Take the listing below and output it exactly, with no images.

(Beginning of Exercise data)

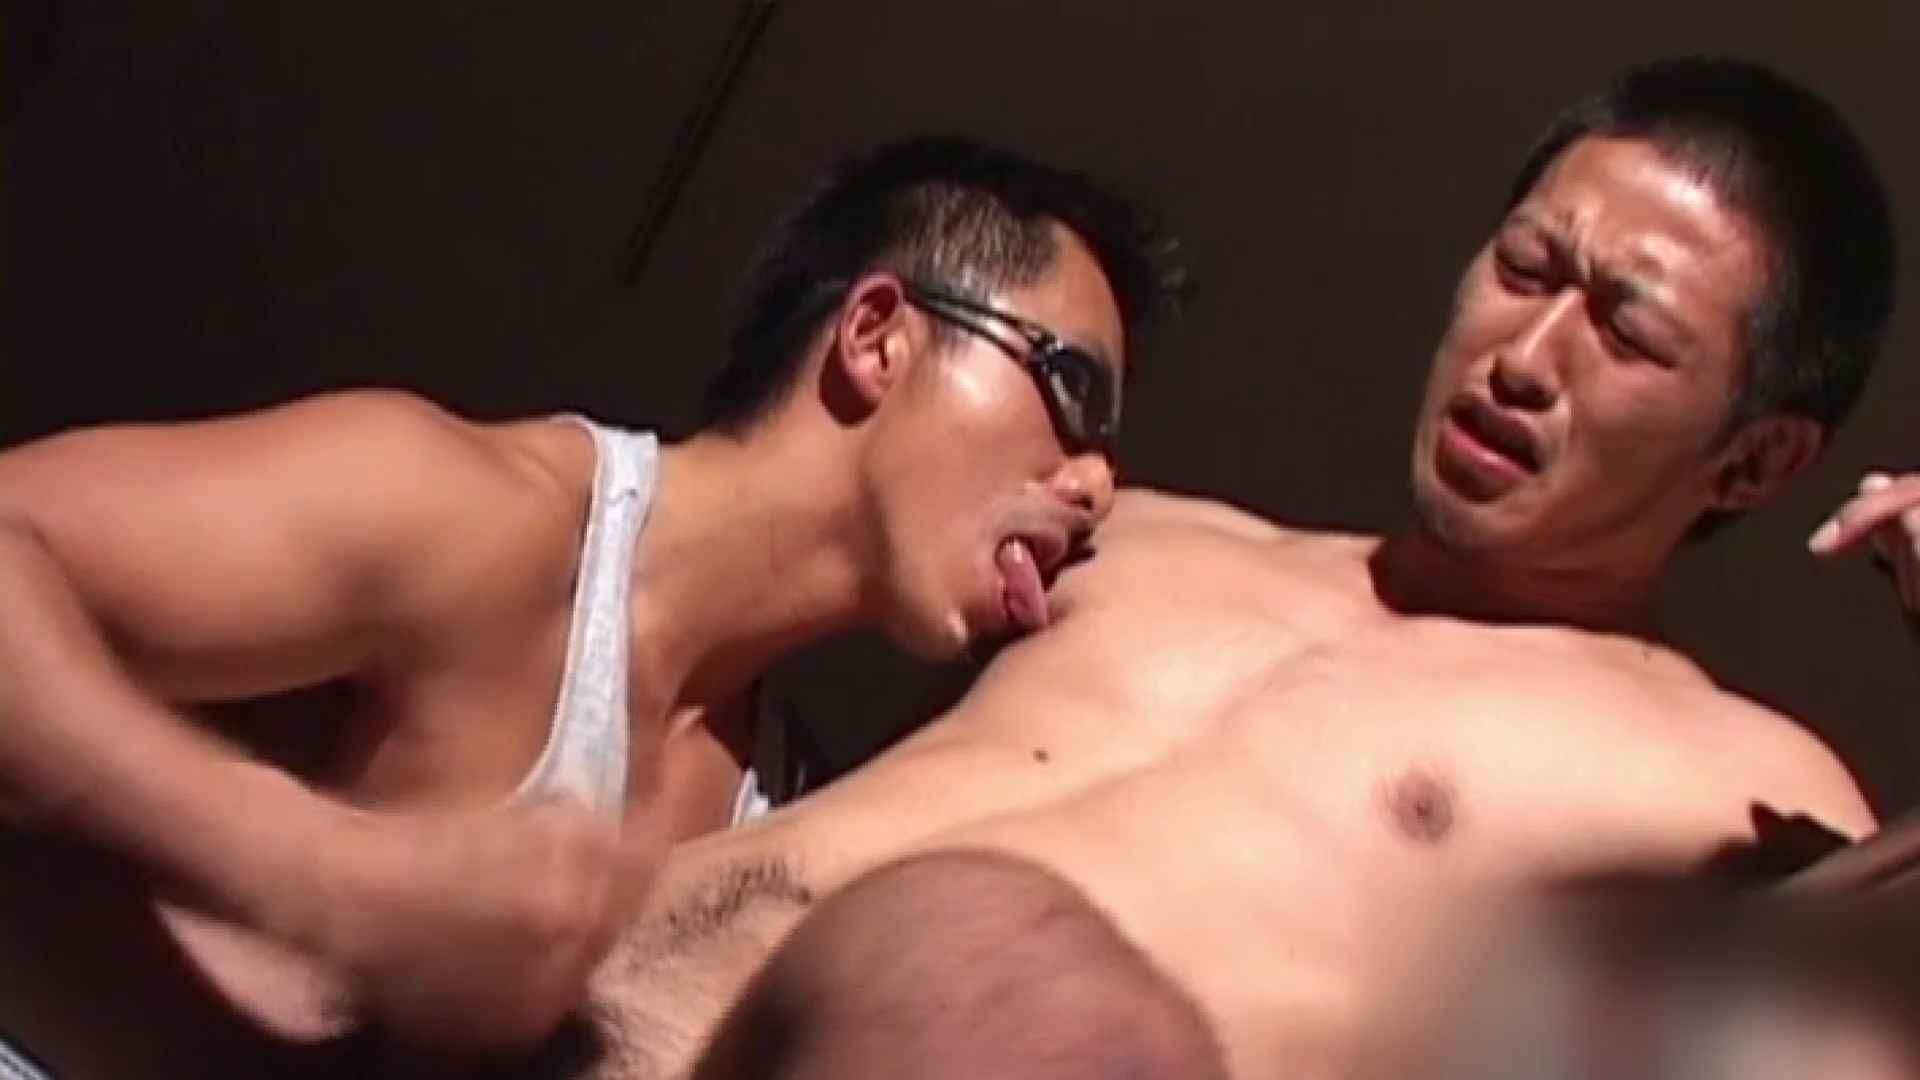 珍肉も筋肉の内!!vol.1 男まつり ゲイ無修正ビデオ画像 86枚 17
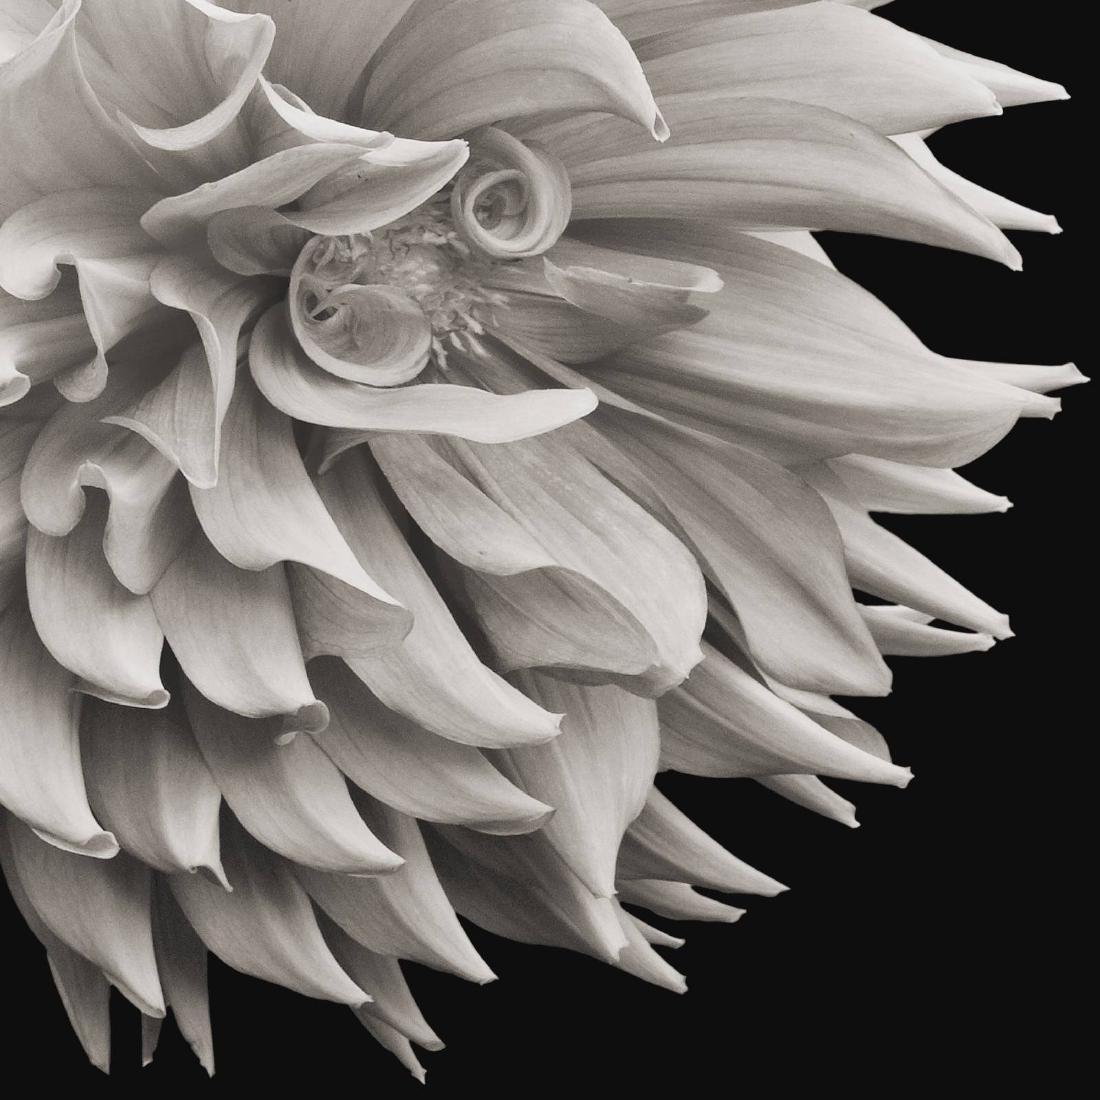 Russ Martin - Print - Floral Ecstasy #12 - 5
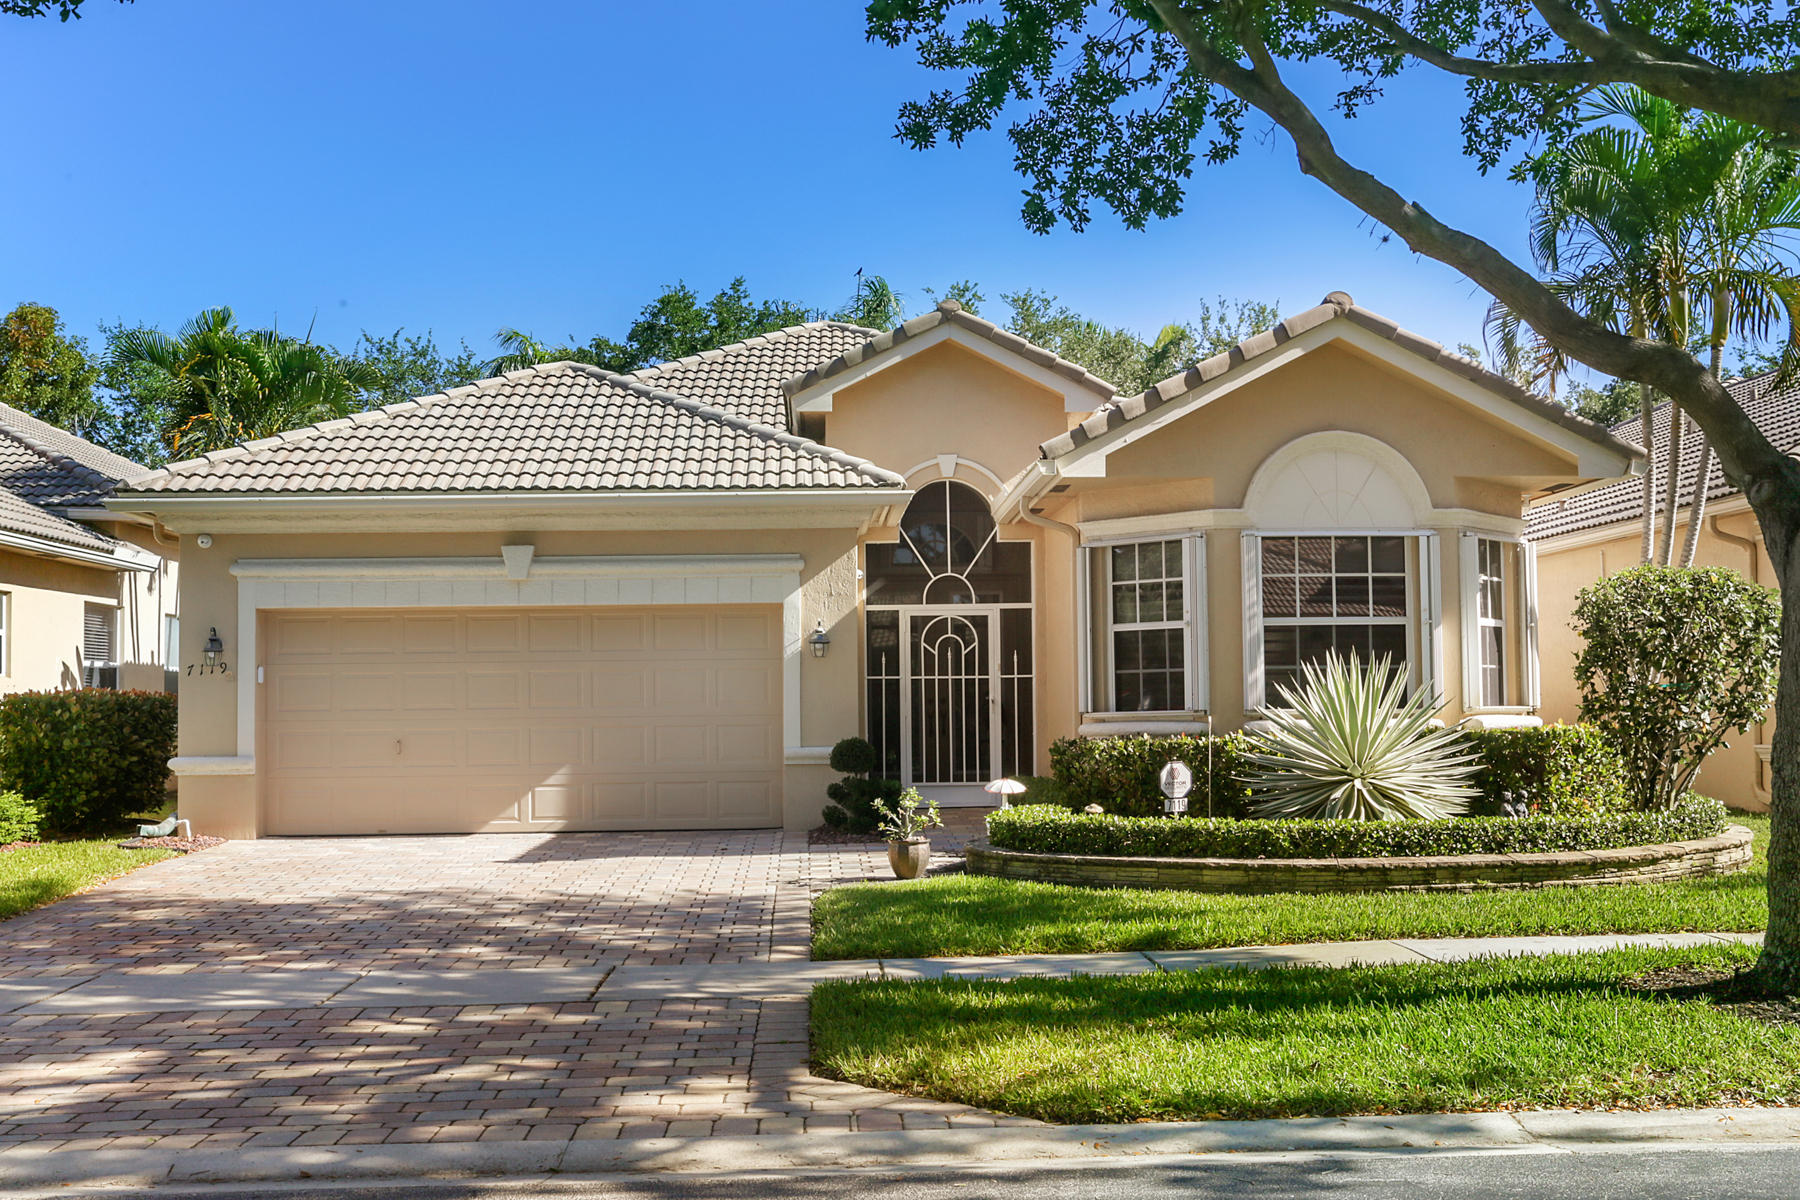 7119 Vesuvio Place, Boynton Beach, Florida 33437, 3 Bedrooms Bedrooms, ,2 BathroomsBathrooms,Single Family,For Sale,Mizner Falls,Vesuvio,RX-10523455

(End of Exercise data)

**Answer space**
 珍肉も筋肉の内!!vol.1 男まつり ゲイ無修正ビデオ画像 86枚 17
 Russ Martin - Print - Floral Ecstasy #12 - 5
 7119 Vesuvio Place, Boynton Beach, Florida 33437, 3 Bedrooms Bedrooms, ,2 BathroomsBathrooms,Single Family,For Sale,Mizner Falls,Vesuvio,RX-10523455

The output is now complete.